На улице Шебуев почувствовал, что этот тихий крик "Пустите руку!" звучит в его памяти, звучит и, проникая всё глубже в душу, будит в ней уже знакомое ему ощущение одиночества. Раньше ощущение это не тяготило его, а, напротив, только увеличивало его бодрость и уверенность в себе: он даже гордился перед собой тем, что одинок. Но теперь каждый раз, когда это чувство являлось, вместе с ним в душе Шебуева возникало злое пренебрежение к людям. Раньше он раздражал людей, не желая этого, теперь он к этому стремился, хотя и сдерживал себя. Он знал, что в городе на него смотрят как "на человека с гибкой моралью, как на узкого практика, склонного к наживе. Это его обижало, и бывали минуты, когда ему трудно было скрывать в себе обиду. Он уже замечал за собою, что иногда, в спорах, он доводил свои взгляды до крайностей, не свойственных им и противных его чувству порядочности; он видел, что делает это намеренно, для того, чтоб раздражать людей, обидеть их. Он понимал, что усиливает подозрения против себя, укрепляет в интеллигентных людях отношение к нему как к человеку карьеры.
И он видел, как к тому, что он считал своей правдой, что вынес из непосредственного знакомства с жизнью и чем свято дорожил, уже примешивается нечто постороннее, чуждое ему, коверкающее его душевный строй. В этом он считал виновными людей,- это они своим недоверием к его искренности, своей сухостью в обращении с ним сеют в душе его темные зерна. В кружке Варвары Васильевны только она и Малинин относились внимательно и с искренним интересом к нему и его деятельности, хотя в этом внимании и чувствовалось что-то близкое к опеке. Хребтов, видимо, сторонился от него, Кирмалов рычал и тоже смотрел с угрюмым недоверием, а доктор уже не мог скрыть явно враждебного чувства.
С некоторого времени он заметил за собой, что ему хочется видеть в спокойных глазах Варвары Васильевны еще больше ласкового внимания к нему. Но, заметив это, он тут же сказал себе: "Рано...", хотя с этой поры стал чаще бывать у Любимовой.
Теперь, шагая по улице, он взвешивал в уме отношение публики к нему и свое к ней, пытаясь определить - кто кому больше портит крови?

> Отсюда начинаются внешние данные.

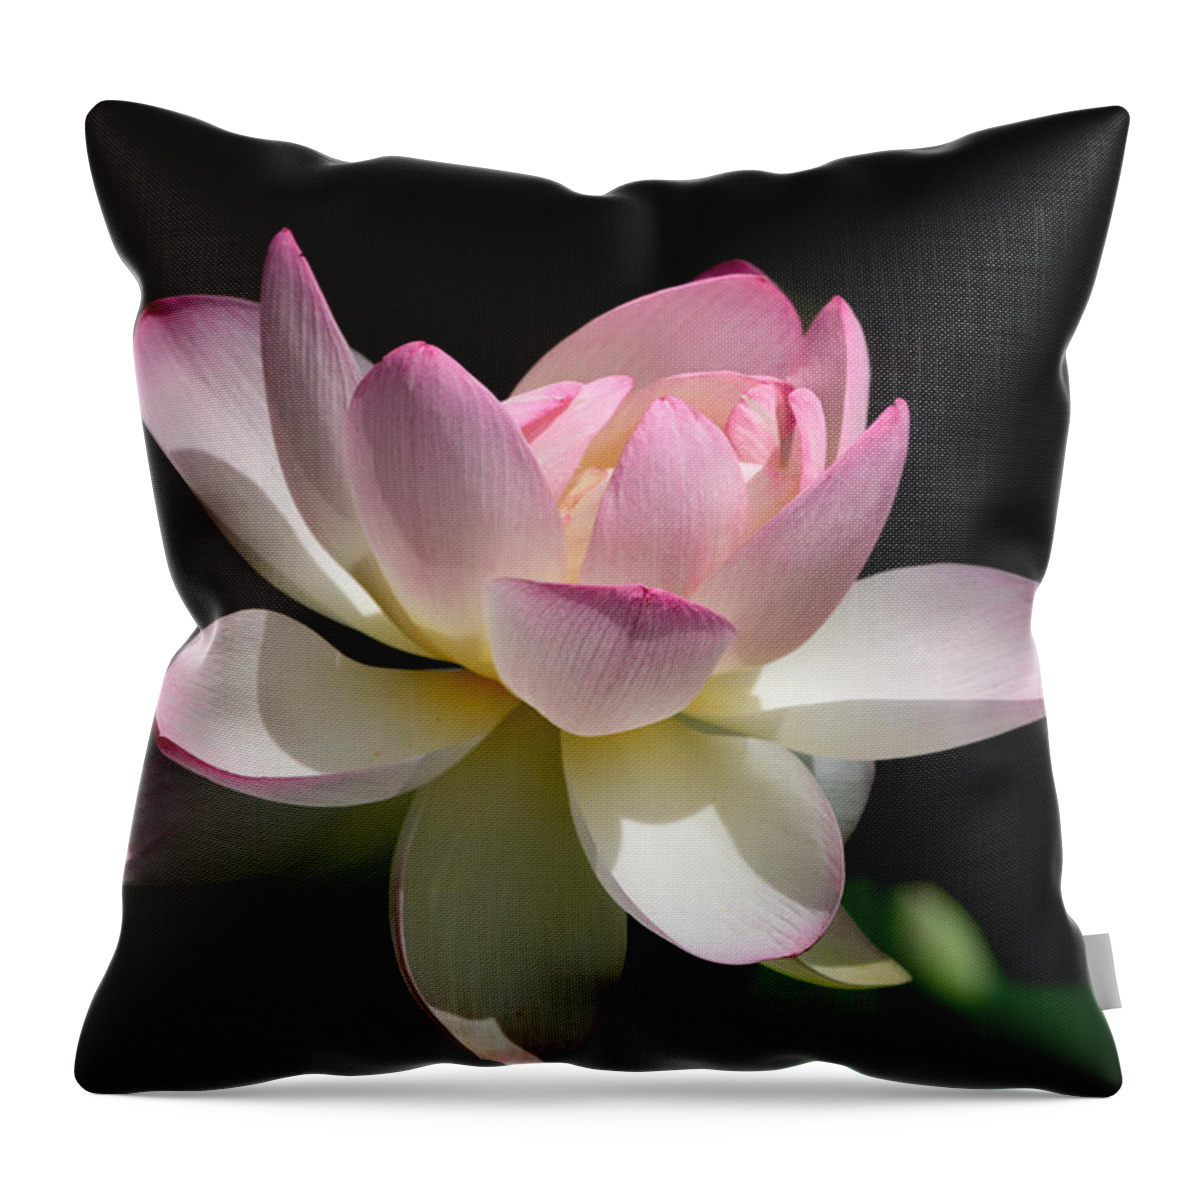 Lotus Throw Pillow featuring the photograph Not Your Average Waterlily by Linda Bonaccorsi

Он чувствовал желание сказать: "Я больше!.."
Шел он к Суркову, и его мысль всё чаще останавливалась на этом человеке. Неугомонная живость, смелость и горячий задор юноши - всё это нравилось Шебуеву, и в то же время он замечал, что с некоторого времени Сурков придирается к нему меньше, чем к другим, и не говорит таких резких дерзостей, как раньше. Это очень усиливало интерес Шебуева к "сущему декаденту", как звала юношу Татьяна Николаевна.

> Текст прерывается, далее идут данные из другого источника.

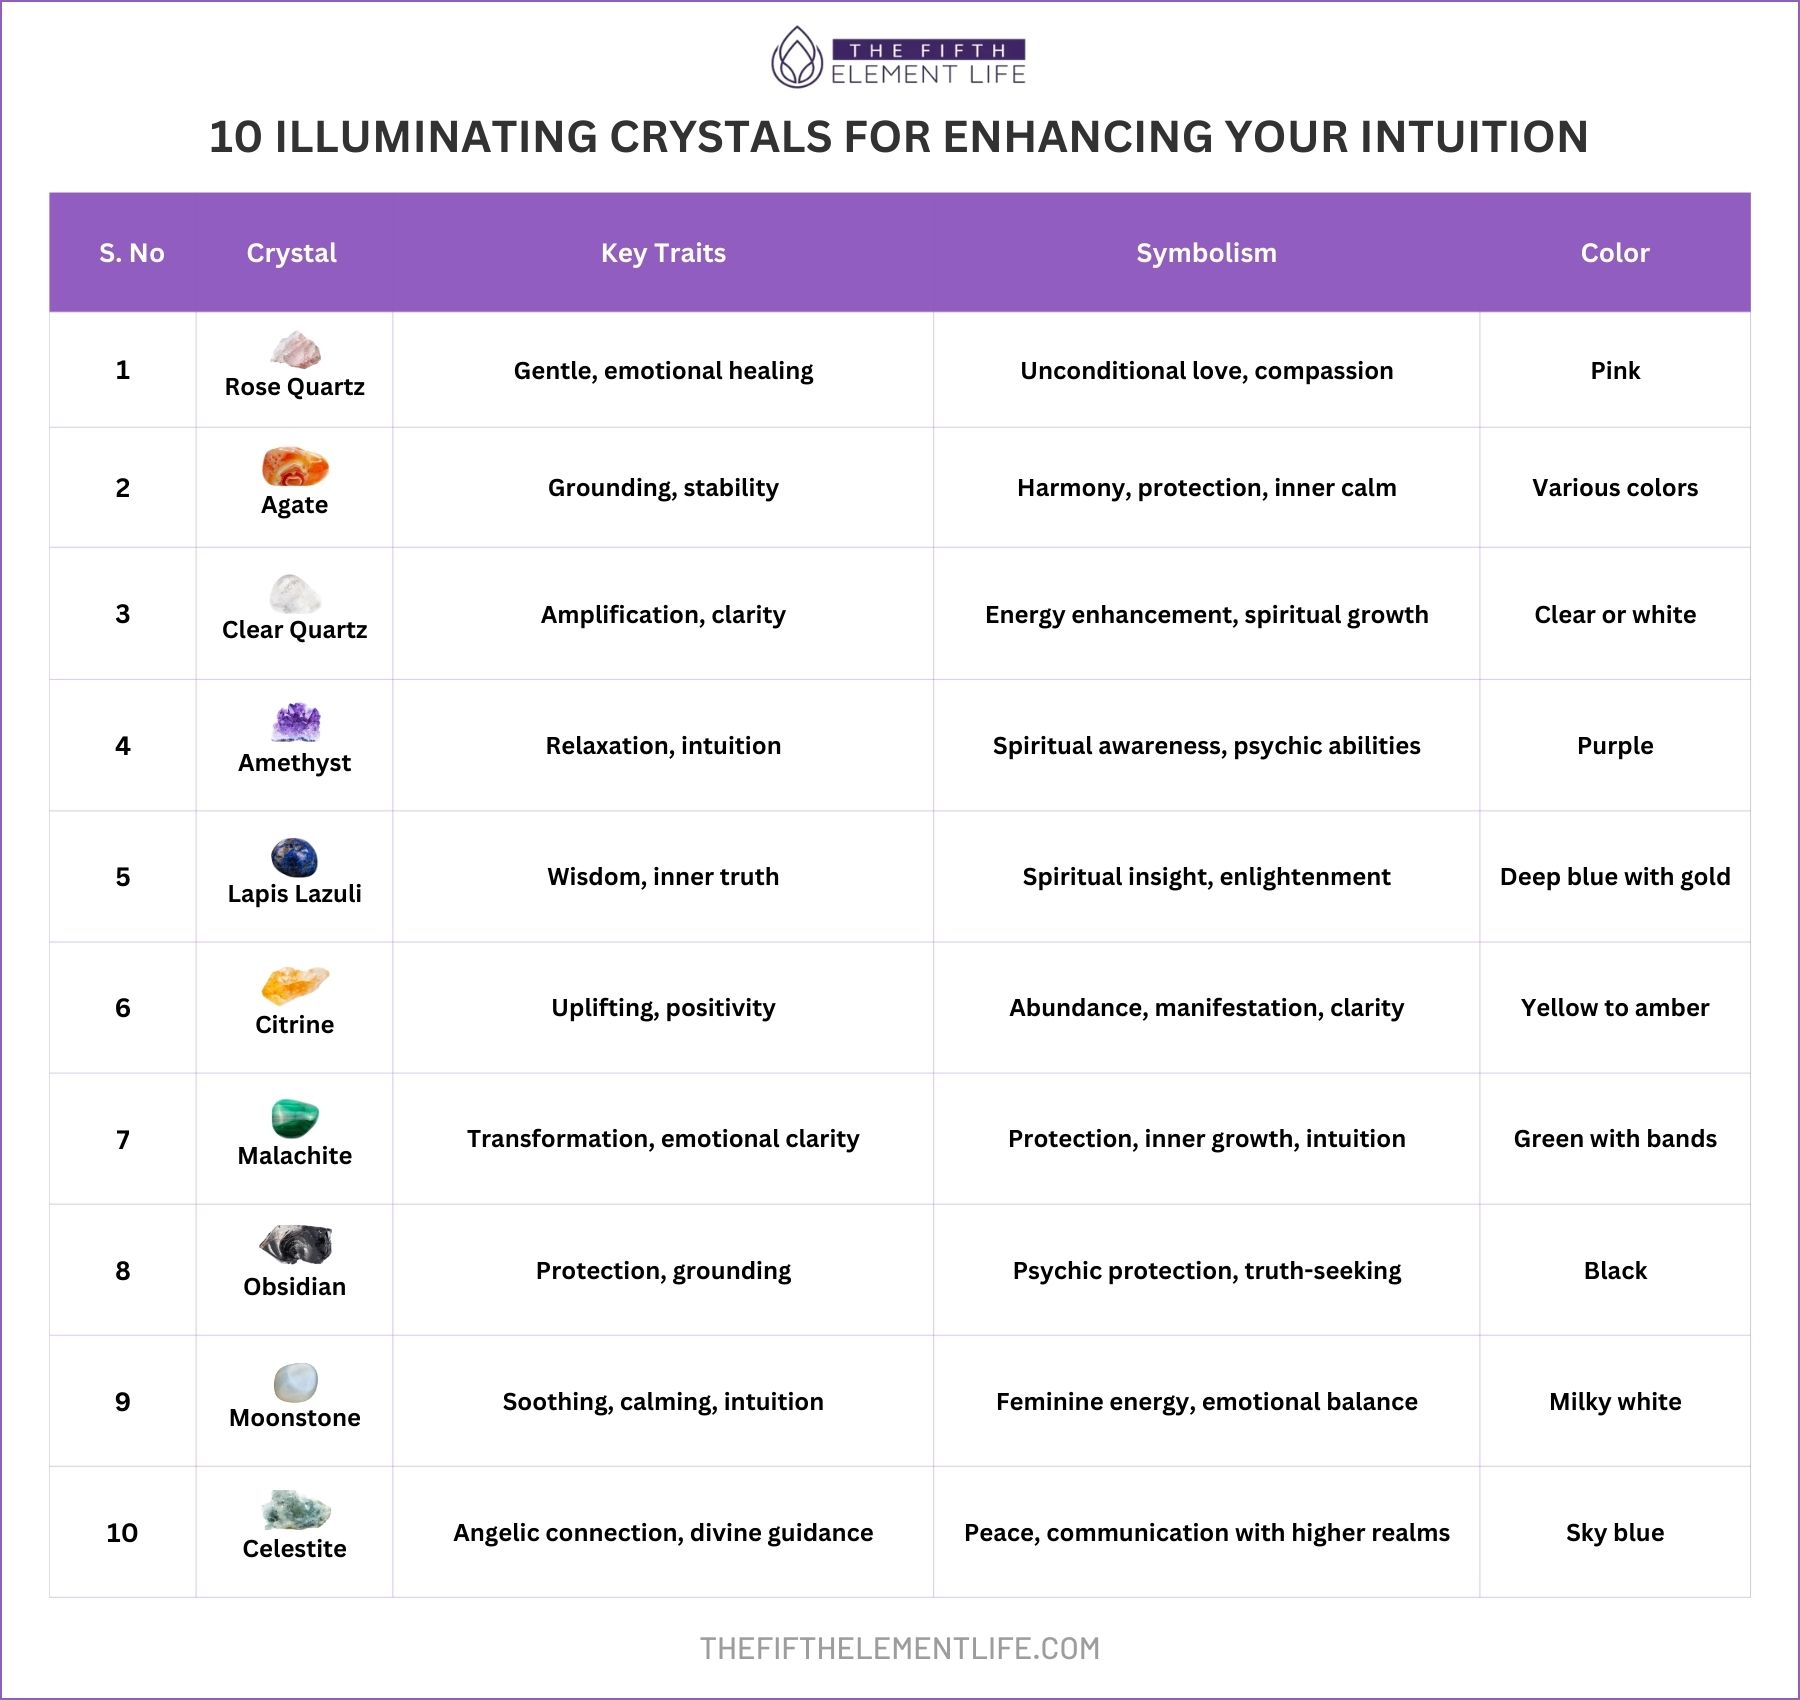 10 Illuminating Crystals For Enhancing Your Intuition

Остановясь пред крыльцом маленького домика в три окна с зелеными ставнями, Шебуев дернул ручку звонка и посмотрел на дом. В маленьком палисаднике перед его окнами густо разрослись сирень и акация; на крыше торчали три шеста со скворешницами. В фасаде, дома, окрашенном в коричневую краску, было что-то старчески приветливое и ласковое. Крыльцо, под деревянным навесом, гостеприимно подвинулось к самому тротуару тихой улицы, со множеством садов, а сзади домика росли огромные, старые липы, и ветви их осеняли крышу.